Chm.2.2 — Analyze chemical reactions in terms of quantities, product formation, and energy. 

• Chm.2.2.1 — Explain the energy content of a chemical reaction. 
  • Explain collision theory – molecules must collide in order to react, and they must collide in the correct or appropriate orientation and with sufficient energy to equal or exceed the activation energy.  
  • Interpret potential energy diagrams for endothermic and exothermic reactions including reactants, products, and activated complex‒with and without the presence of a catalyst. 
• Chm.2.2.2 - Analyze the evidence of chemical change. Students should be able to determine if a chemical reaction has occurred based on the following criteria:
  • Precipitate formation (tie to solubility rules)
  • Product testing - Know the tests for some common products such as oxygen, water, hydrogen and carbon dioxide: burning splint for oxygen, hydrogen or carbon dioxide, and lime water for carbon dioxide. Include knowledge and application of appropriate safety precautions.  
  • Color Change – Distinguish between color change as a result of chemical reaction, and a change in color intensity as a result of dilution.
  • Temperature change – Tie to endothermic/exothermic reaction.

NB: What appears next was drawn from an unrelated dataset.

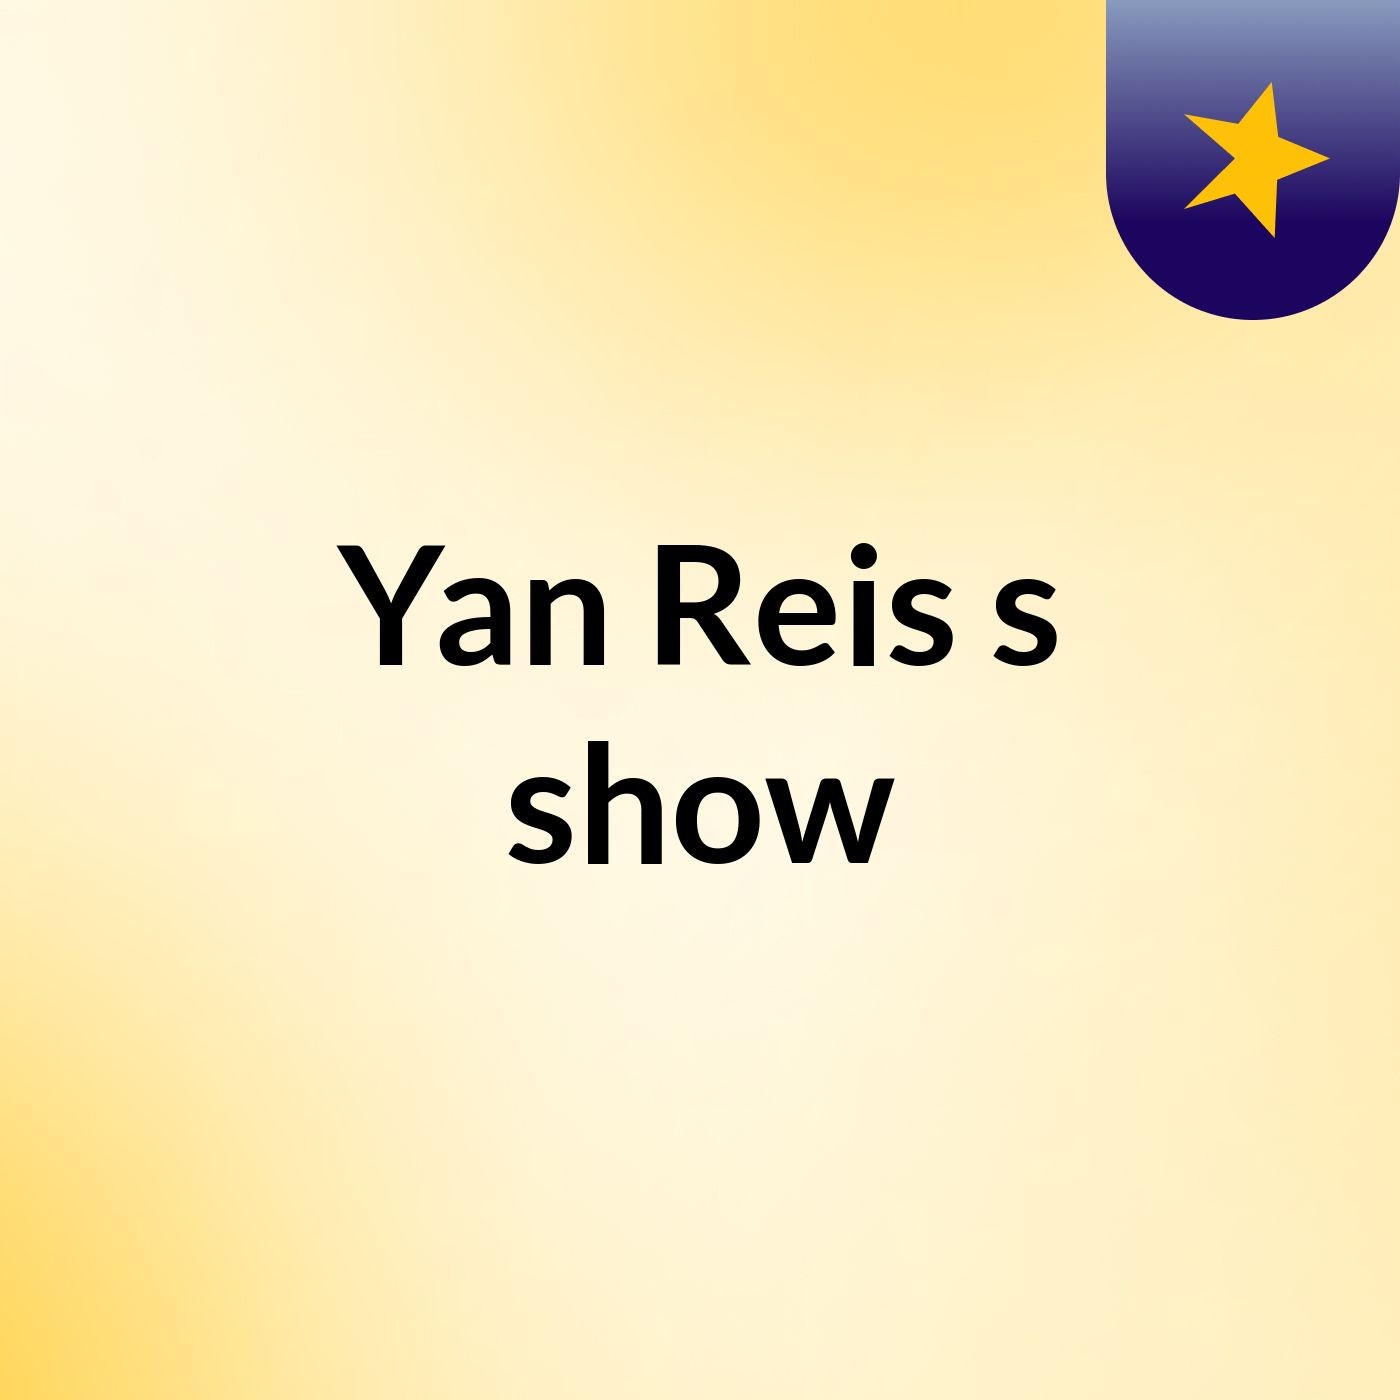 Yan Reis's show

Express ∆H as (+) for endothermic and (–) for exothermic. 
• Chm.2.2.3 — Analyze the law of conservation of matter and how it applies to various types of chemical equations (synthesis, decomposition, single replacement, double replacement, and combustion). 
  • Write and balance chemical equations predicting product(s) in a reaction using the reference tables.
  • Identify acid-base neutralization as double replacement.
  • Write and balance ionic equations.
  • Write and balance net ionic equations for double replacement reactions.
  • Recognize that hydrocarbons (C,H molecule) and other molecules containing C, H, and O  burn completely in oxygen to produce CO₂ and water vapor.
  • Use reference table rules to predict products for all types of reactions to show the conservation of mass.
  • Use activity series to predict whether a single replacement reaction will take place.
  • Use the solubility rules to determine the precipitate in a double replacement reaction if a reaction occurs.  
• Chm.2.2.4 — Analyze the stoichiometric relationships inherent in a chemical reaction. 
  • Interpret coefficients of a balanced equation as mole ratios.
  • Use mole ratios from the balanced equation to calculate the quantity of one substance in a reaction given the quantity of another substance in the reaction. (given moles, particles, mass, or volume and ending with moles, particles, mass, or volume of the desired substance)
• Chm.2.2.5 - Analyze quantitatively the composition of a substance (empirical formula, molecular formula, percent composition, and hydrates). 
  • Calculate empirical formula from mass or percent using experimental data.
  • Calculate molecular formula from empirical formula using molecular weight.
  • Determine percentage composition by mass of a given compound.
  • Perform calculations based on percent composition.
  • Determine the composition of hydrates using experimental data.

 

Chm.3.1 — Understand the factors affecting rate of reaction and chemical equilibrium. 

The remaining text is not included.